Солнце пронизывало брезент и так раскалило внутри само время, что на глазах оно заворачивалось дугой, разветвлялось ползучими корнями, образуя бездну черных ломких изгибов, из которых, того и гляди, хлынет тьма. Сознание Туза на миг омрачилось в этом мире, прояснившись для иного. Скользнуло сквозь брезентовую крышу в небесную высь, откуда и наблюдало за всей Каракалпакией и древним Хорезмом, за натурщиками, литовцами и за самим Тузом, лежащим на раскладушке.
Со словами «вот просветляющий источник!» Ра выудил из дорожного сундука бутылку «Чашмы». Портвейн едва ли не кипел, когда открывали. Настолько горяч, что даже прохладен, но и впрямь изгонял тьму.
Откупорили другую бутылку, а третью завернули в марлю и обильно поливали ацетоном, охлаждая до температуры тела. Туз вспомнил, что на местном наречии само слово Бог звучит как Худо.
«Скорее, Худа, – поправил Ра. – Темная основа Господа – это бабья его сторона. Ведь само зло – это время, божества которого злющие тетки, сеющие смерть. Взять хотя бы длинноязыкую Калу, клыкастую Шакти или черную демоницу Ниррити. Все они – фекалии Бога, грязный осадок его светлой сущности. Вон как в портвейне»…

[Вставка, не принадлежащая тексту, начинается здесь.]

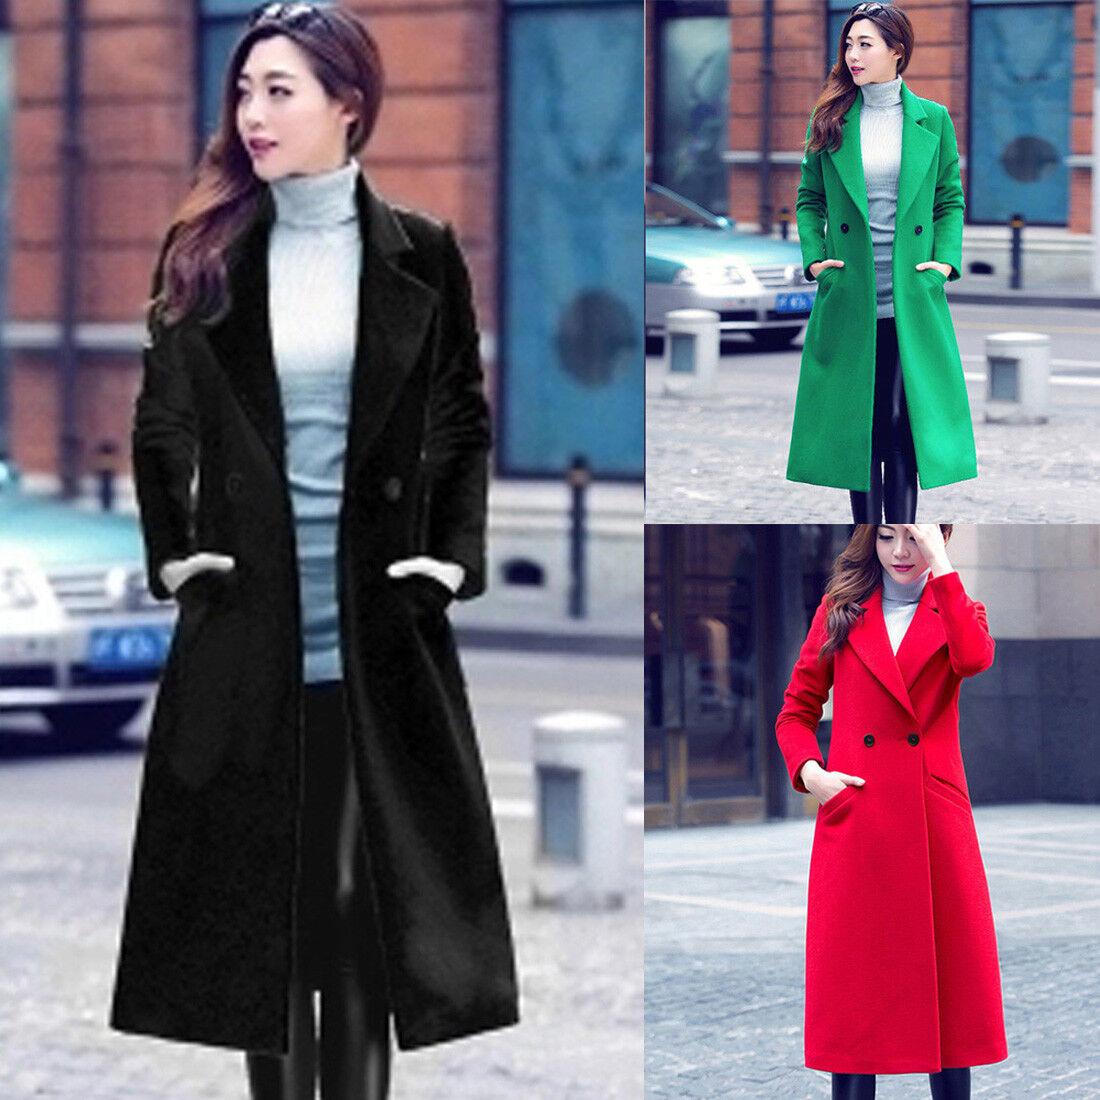 Fashion Women Autumn Winter Long Woolen Coat Overcoat Parka Outwear Cardigan

Такое поголовное охаивание задело Туза, и он возразил: «Но в Троице новозаветной Дух Святой считается женской сущностью».
«В основе мира лежит дуализм, – отвечал Ра так, будто сам его туда укладывал. – Троичность возникла много позже усилиями человека. Пожирая грязь времени, мы слегка облагородили темную основу, из которой и выделился благой Дух женского естества»…
На дне кружек оставалось с палец каких-то семян вперемешку с кузнечиками. Склевав их, Ра защебетал, подобно птичка на рассвете, теряя «р» и близясь к португальскому наречию: «То ли потому, что ядом космодом, или все дело в азломе земной коы, в патогенном поясе, но могу поклясться – кугом, включая меня, мутики!»
Туз удивился коверканью вовсе независимого от «р» слова, но Ра разъяснил, что имел в виду: «Мудак и мутик суть азные явления. Мутик – темин в ганицах стогой науки. Это человек не от миа сего, выпавший из совеменности в осадок, ищущий духовность в пошлом».
Их позвали к столу, где землекопы молчаливо поглощали черную кудрявую кашу.
«Сильно пеесолено, Коешок», – обратился Ра к повару Витасу, имевшему дерзкую по тем временам косичку в виде корешка саксаула.
«Соль, равви, ни при чем, – сказал он. – Это только кажется от избытка солнца. Все пороки, как известно, от полноты и чрезмерности».
Поковыривая в носу, Ра не согласился: «От полноты и чезмерности Господь сотвоил человека!»
«Конечно, – кивнул Витас. – Мы и есть Его зримый порок».
Ра извлек нечто из носа, разглядел, как древнюю окаменелость, и попробовал на соль: «Хоть и ветикально мыслишь, Коешок, но по напавлению вниз!» Заметив присевшее уже солнце, поднялся: «Поа, батцы, на аскоп! Мы пизваны своим бытием изжить зло вемени»…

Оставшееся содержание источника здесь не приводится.